The laity are not informed in these many instances because the laity, frankly, are not implicated in any meaningful way. Period.
There is often no need to advise the laity of the Church of any change in pastoral practices…and certainly not that are extremely narrow in their application. Anymore than they are in need of advisement on issues related to, for example, certain cases involving the internal forum, which guidance comes to us from the Holy See, or on specific procedures related to recourse in an appeal process engaging the tribunals, similarly communicated to us by the Holy See…to use but two of what could be many examples.
That you think something or everything should be communicated in very public ways is perfectly meaningless. And perfectly purposeless.
Communications also come, from the diocesan bishop but above all from the Holy See, under varying categories of confidentiality.
Ultimately when it concerns matters that are the prerogative of the Pope alone or of the Bishops (or some number of them) with the Pope or to the extent it devolves to them, the Bishops alone, that is the locus of activity. Not with the lay faithful. Not in the media. Not in public. That point should be, by this point, crystal clear.
When you make a statement “A change of that magnitude requires some sort of clear notice” you demonstrate thereby that you do not know of what you speak. The statement is an error in fact, from the perspective of theology and ecclesiology.
You may wish that it were otherwise but the wishing does not oblige the Successors of the Apostles to act in any way other than the way in which they, in fact, freely and deliberately act.
You probably meant to say authoritatively interpret or clarify. Otherwise, parents, theologians and other teachers would be denied their lay apostolate. We don’t appear to have a disagreement.
No. You are wrong in what you suppose I meant to say. I said exactly what I wrote, in the formulation I wrote it, for specific theological reason.

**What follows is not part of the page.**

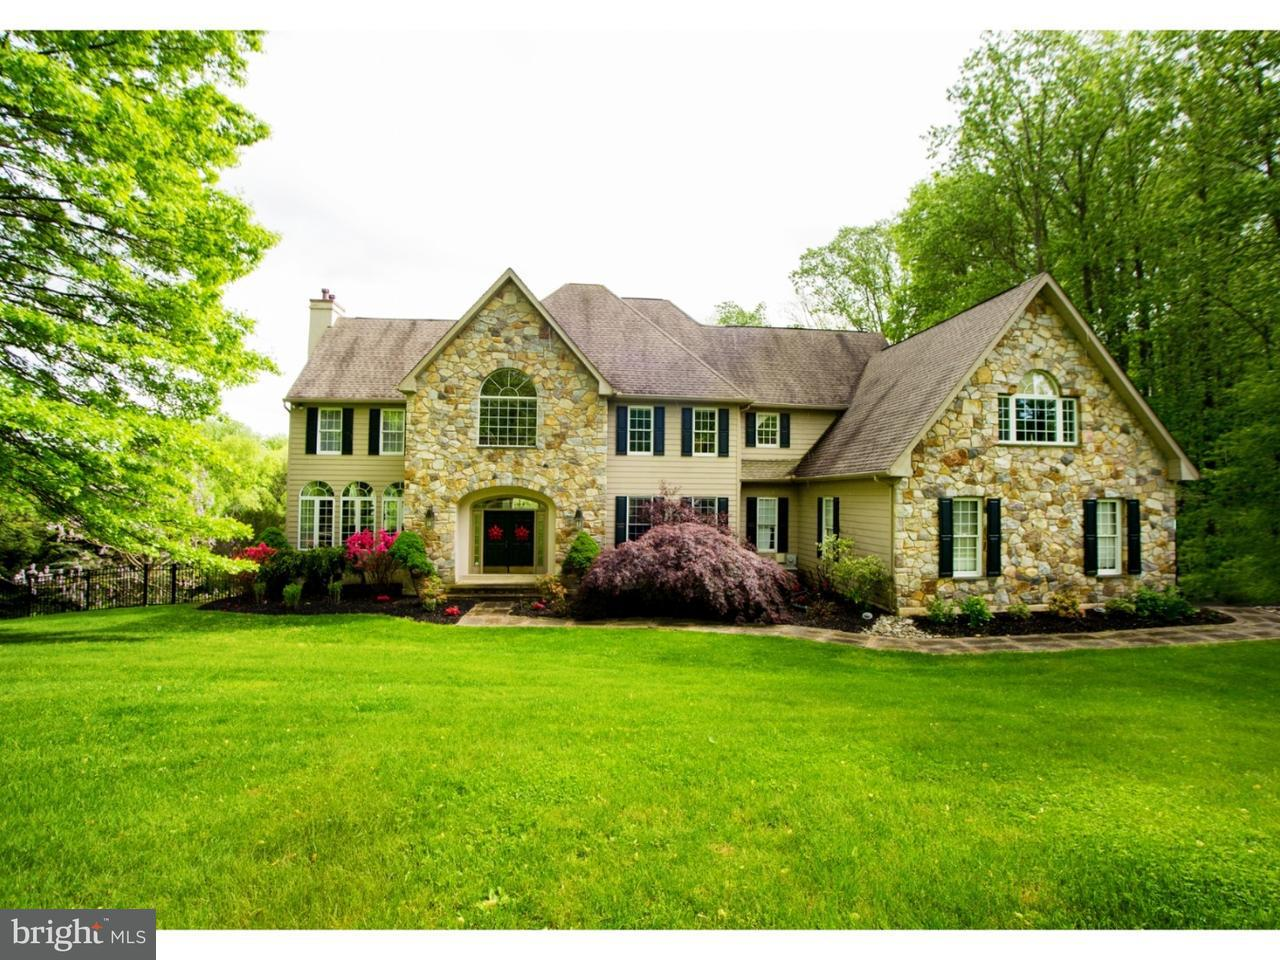 Single Family Home for Sale at 8 HONEYSUCKLE Court Glen Mills, Pennsylvania 19342 United States

A parent, a theologian, a teacher or anyone engaged in a lay apostolate
transmits the teaching of the Magisterium.
Interprets is a technical term and it does not apply in the categories you cite.
Even those of us who hold a mandate as theologian are, by that vocation, at the service of the Magisterium. We do not interpret the Magisterium. We explicate what the Magisterium articulates.
In the service of our respective bishop as his theological advisor or as
periti to a gathering of bishops, we will offer our advice and our counsel that derives from our lifetime of study and research in so far as we are asked or consulted. The bishops, under the guidance of the Holy Spirit, may accept, amend, or reject that which we have offered…for they alone…the Successors of the Apostles…either the successor of Peter acting alone or the college acting with and under Peter’s Successor…are the guardians of the Sacred Deposit of the Faith and the ones who also govern its applications.
To
interpret, as to
define, has a specific and technical definition in theology related to the Magisterium. You manifest by your statement a lack of acquaintance with the terminology which therefore makes me arrive at the conclusion, after reading so many posts, that the attempt of explaining this topic yet one more time would be truly a fruitless effort.
As for the pastoral accompaniment that is being discussed, let us be crystal clear. A lay person may say something is “not going to happen”…they may say that the action requires some “official declaration” according to some manifestation that they conjure in their own mind…they may think other avenues of proceeding wrong…but such musings do not impede the process that is proceeding apace, even as I type this post.